“好好好!”燕北楼暗自摇了摇头,笑了笑,不得不被她那股子与生俱来的倔强与勇敢折服。然后举起碗盏,道:“这酒若要敬,理当我敬白姑娘才对,多谢——”
“不要急不要急!”白饵连忙打住他,“慢慢来嘛!酒又不是不够!你要敬我的话,那也得先把这碗酒给喝了对吧?这我倒的酒呀,不能乱了礼数的……”
燕北楼无奈地笑了笑,两个碗盏在空中撞得响亮。
果然,烈酒面前,每个女子都会展露她不同的一面。
显然,今夜的白姑娘,比平时多了几分直爽和率真。
“好酒!好酒!”她不由得赞叹道,不可操控的是,身子开始热起来了。
气氛起来了,燕北楼赶忙倒酒,敬她:“白姑娘,这杯酒我敬你,多谢你不辞辛劳,今晚能够来参加我的饯别会!除了府衙中这些兄弟,梅海城中人人敬我而远之,我在梅海待了三年,没几个能够像你这般,愿意坐下来聊天的人。临别之前,能收获你这段际遇,也算不虚此行!我燕某敬你!”

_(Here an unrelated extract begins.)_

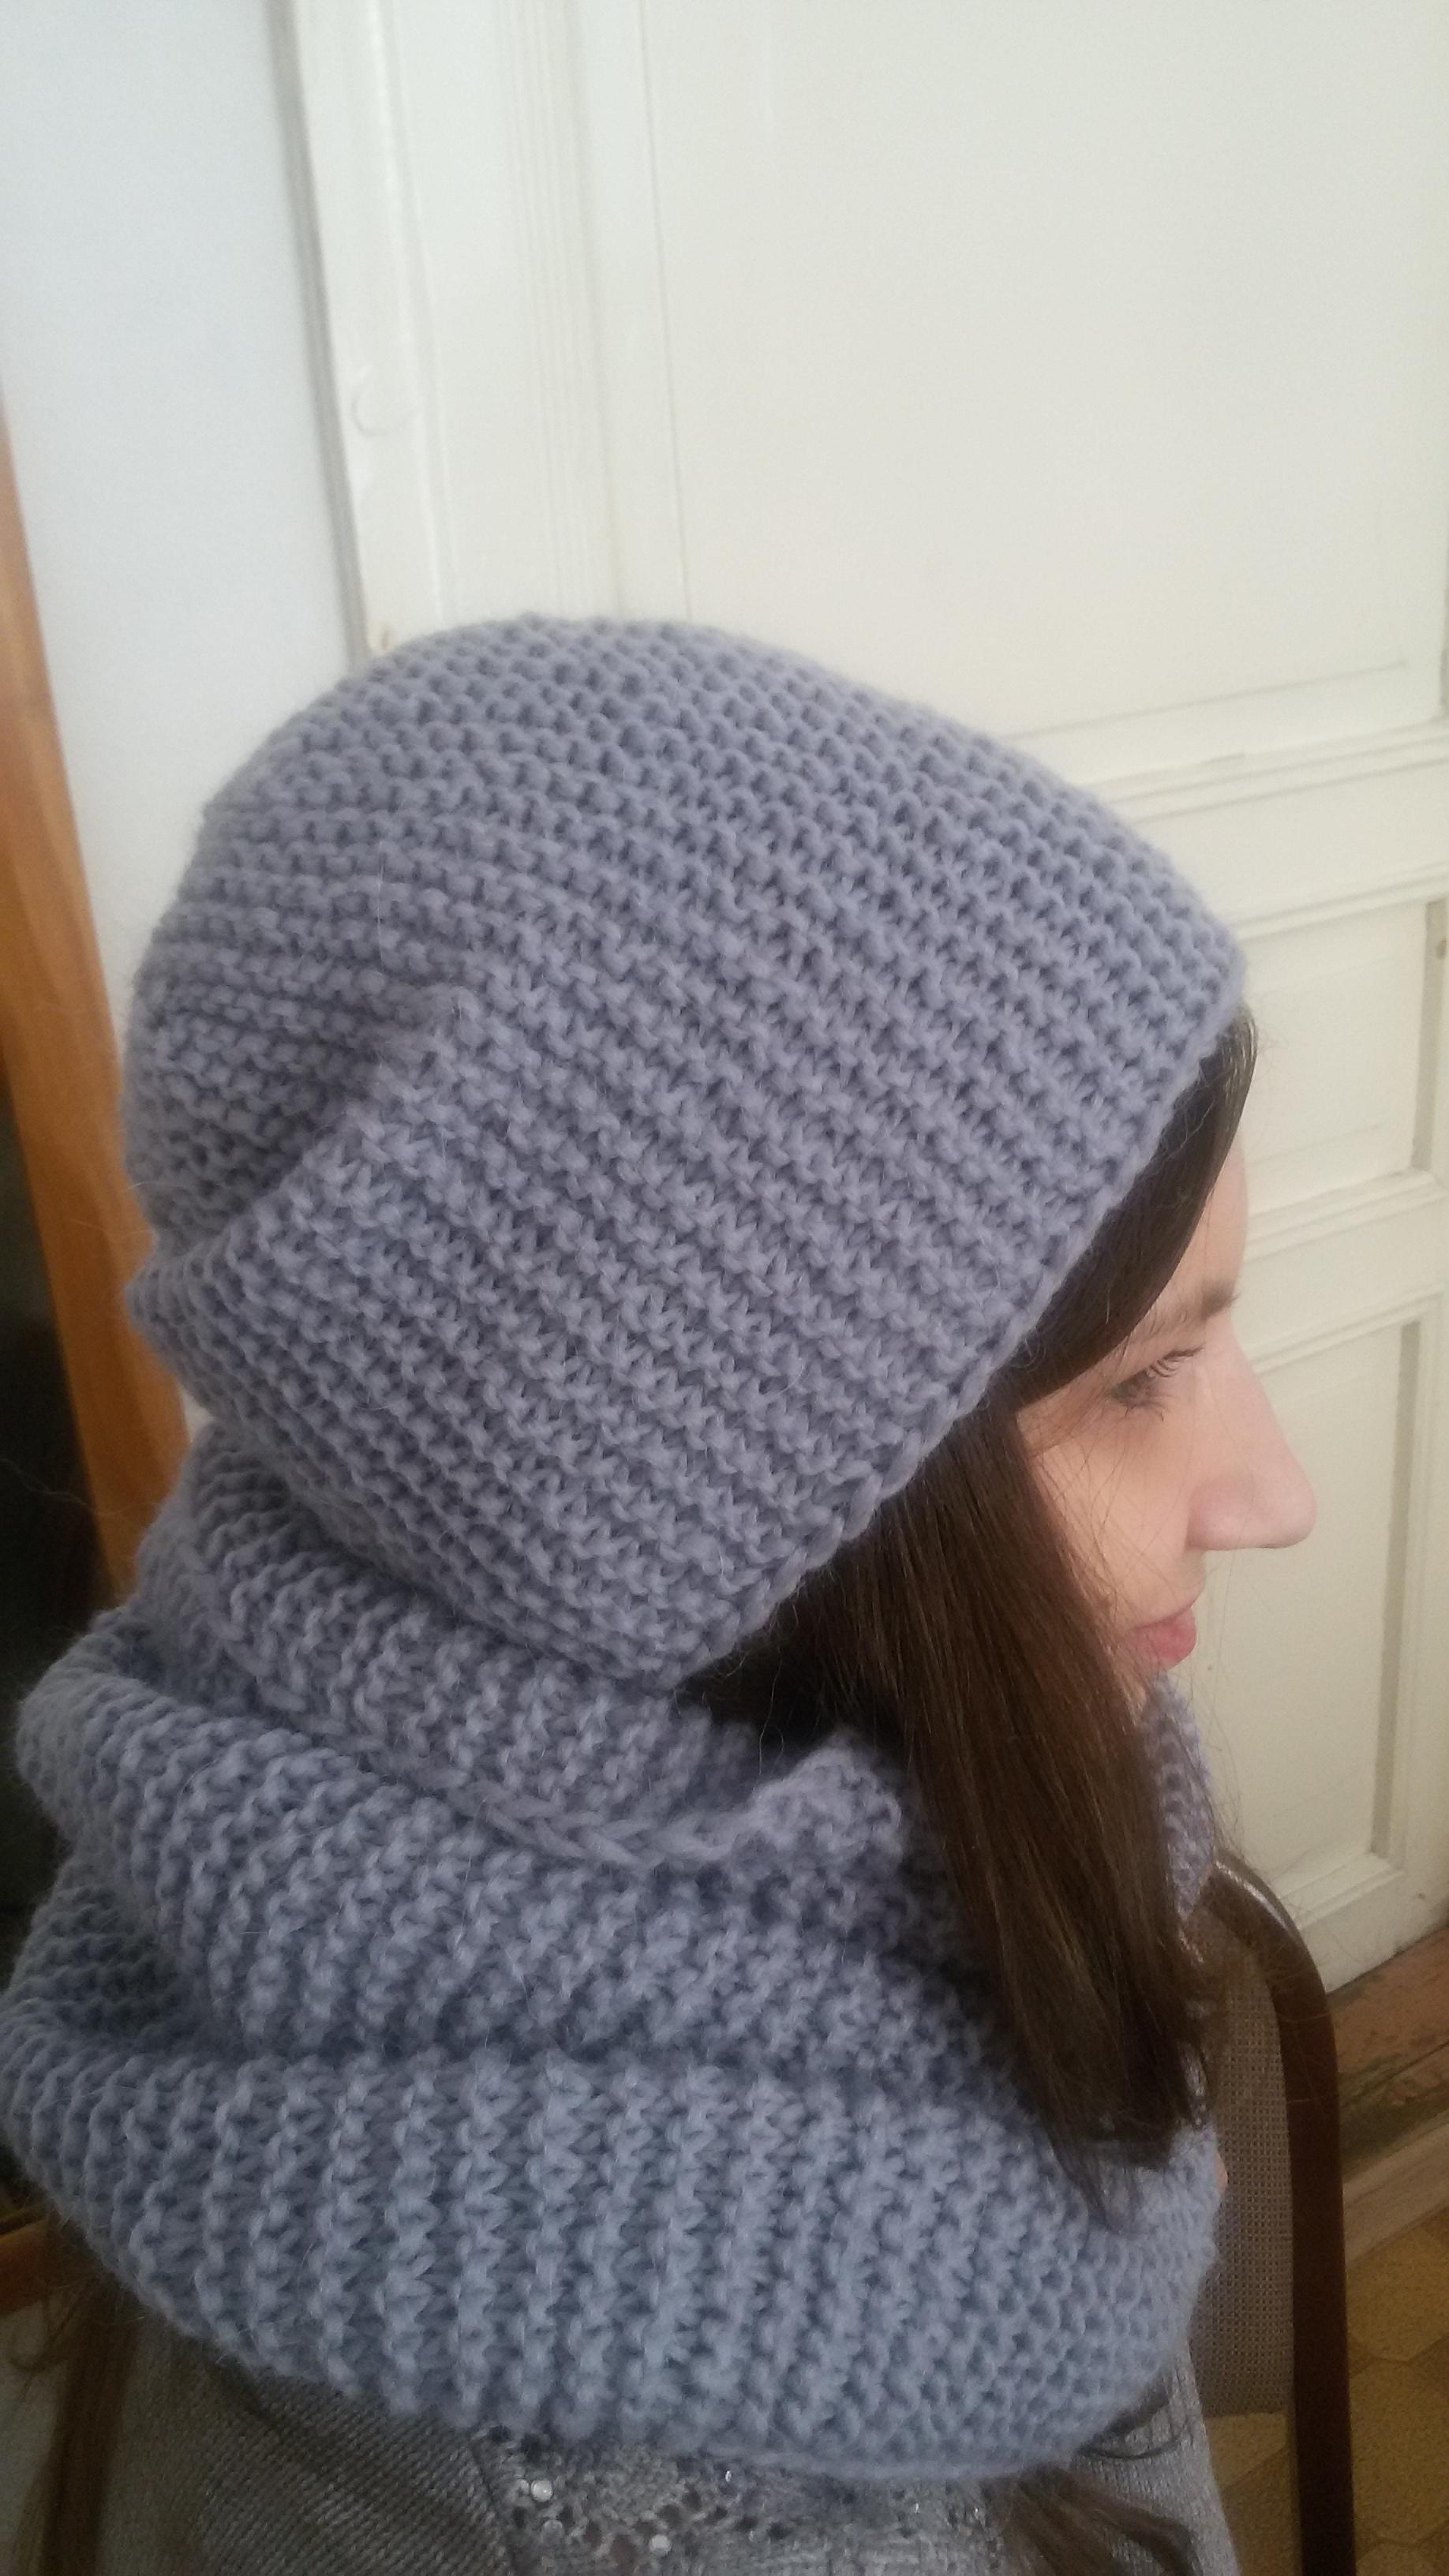 шапка бини снуд спицами запись пользователя Olga ольга в

“哎呀呀!”她是真没想到,这种酸词竟然也能从燕北楼嘴里说出来。无上光荣,她赶忙端起碗盏,喜不自胜:“你这么说,我忽然感觉我整个人都在发光发亮啊!庆幸!庆幸!这碗酒,我必须喝!必须喝!”
话罢,咕噜咕噜,又一碗酒下了肚。
咯噔。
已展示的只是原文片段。